» RECORDS PROVIDED
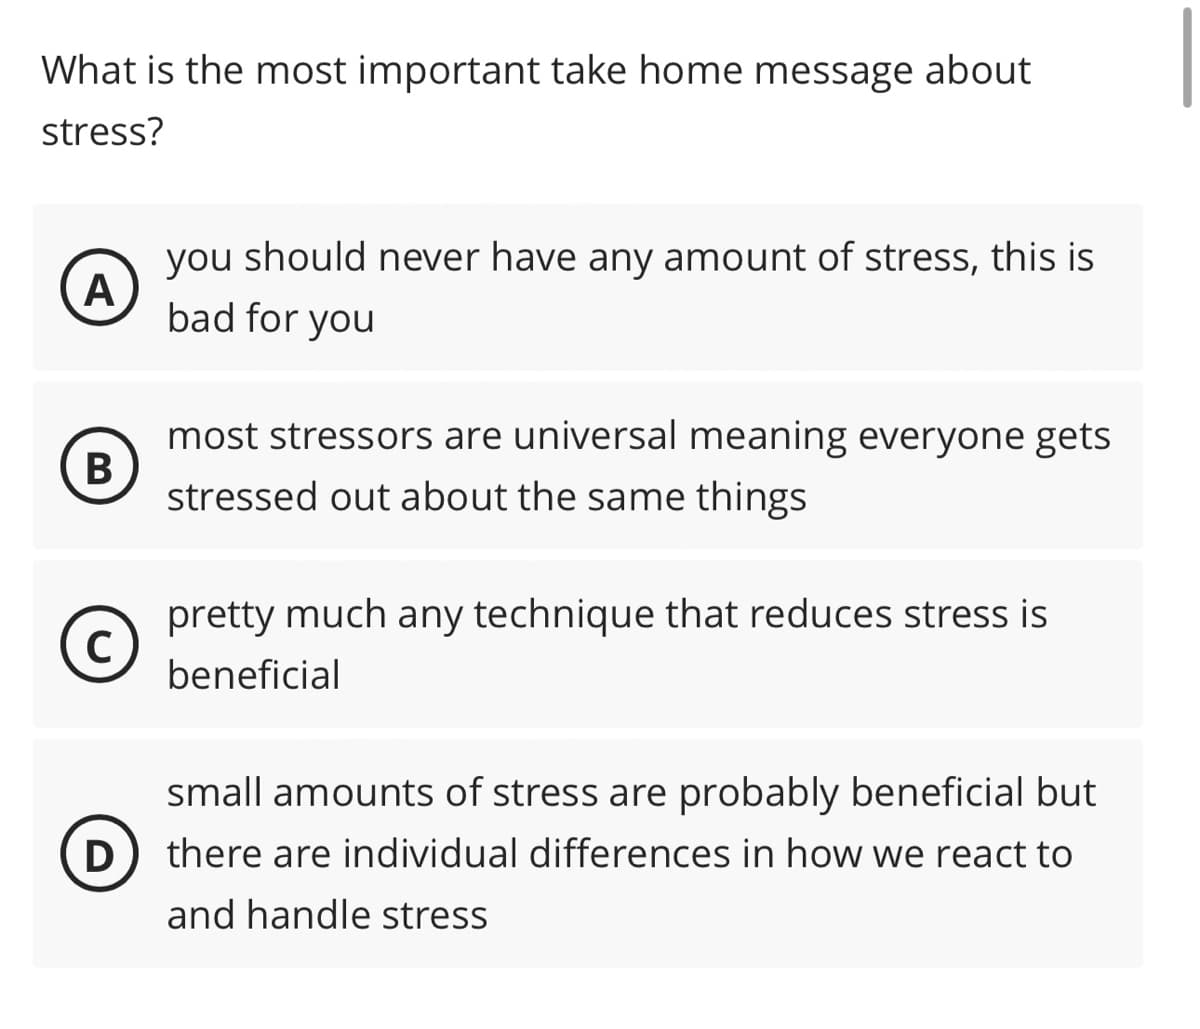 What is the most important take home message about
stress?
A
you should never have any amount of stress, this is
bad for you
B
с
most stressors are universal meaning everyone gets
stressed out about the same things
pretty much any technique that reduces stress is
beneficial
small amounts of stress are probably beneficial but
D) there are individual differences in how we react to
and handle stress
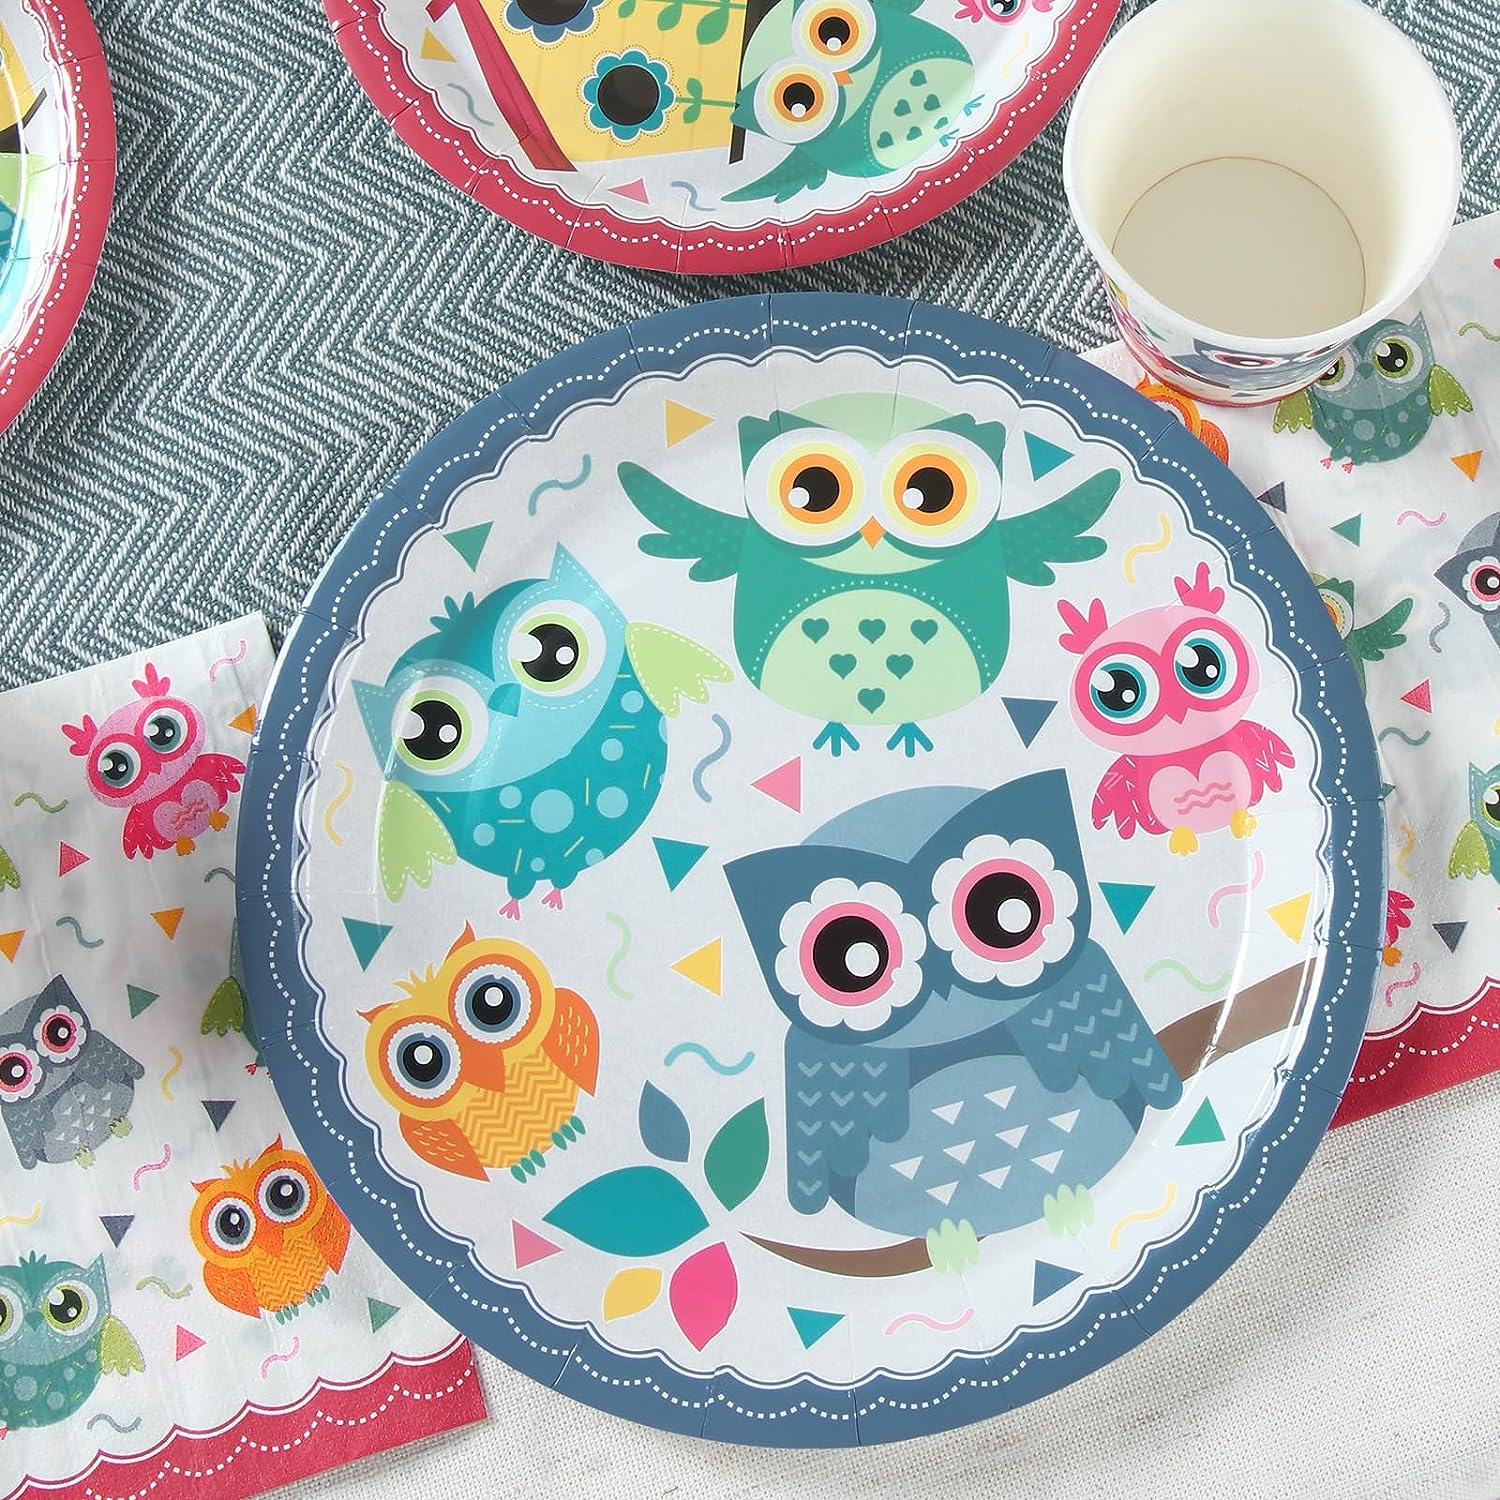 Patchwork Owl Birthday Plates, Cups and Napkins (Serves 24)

* * *

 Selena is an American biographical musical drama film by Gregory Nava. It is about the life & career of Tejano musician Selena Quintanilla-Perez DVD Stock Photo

» WORK REQUIRED
Filter the entries down to the lines holding the string "beneficial". Copy each of those lines.

» ANSWER SPACE
beneficial
small amounts of stress are probably beneficial but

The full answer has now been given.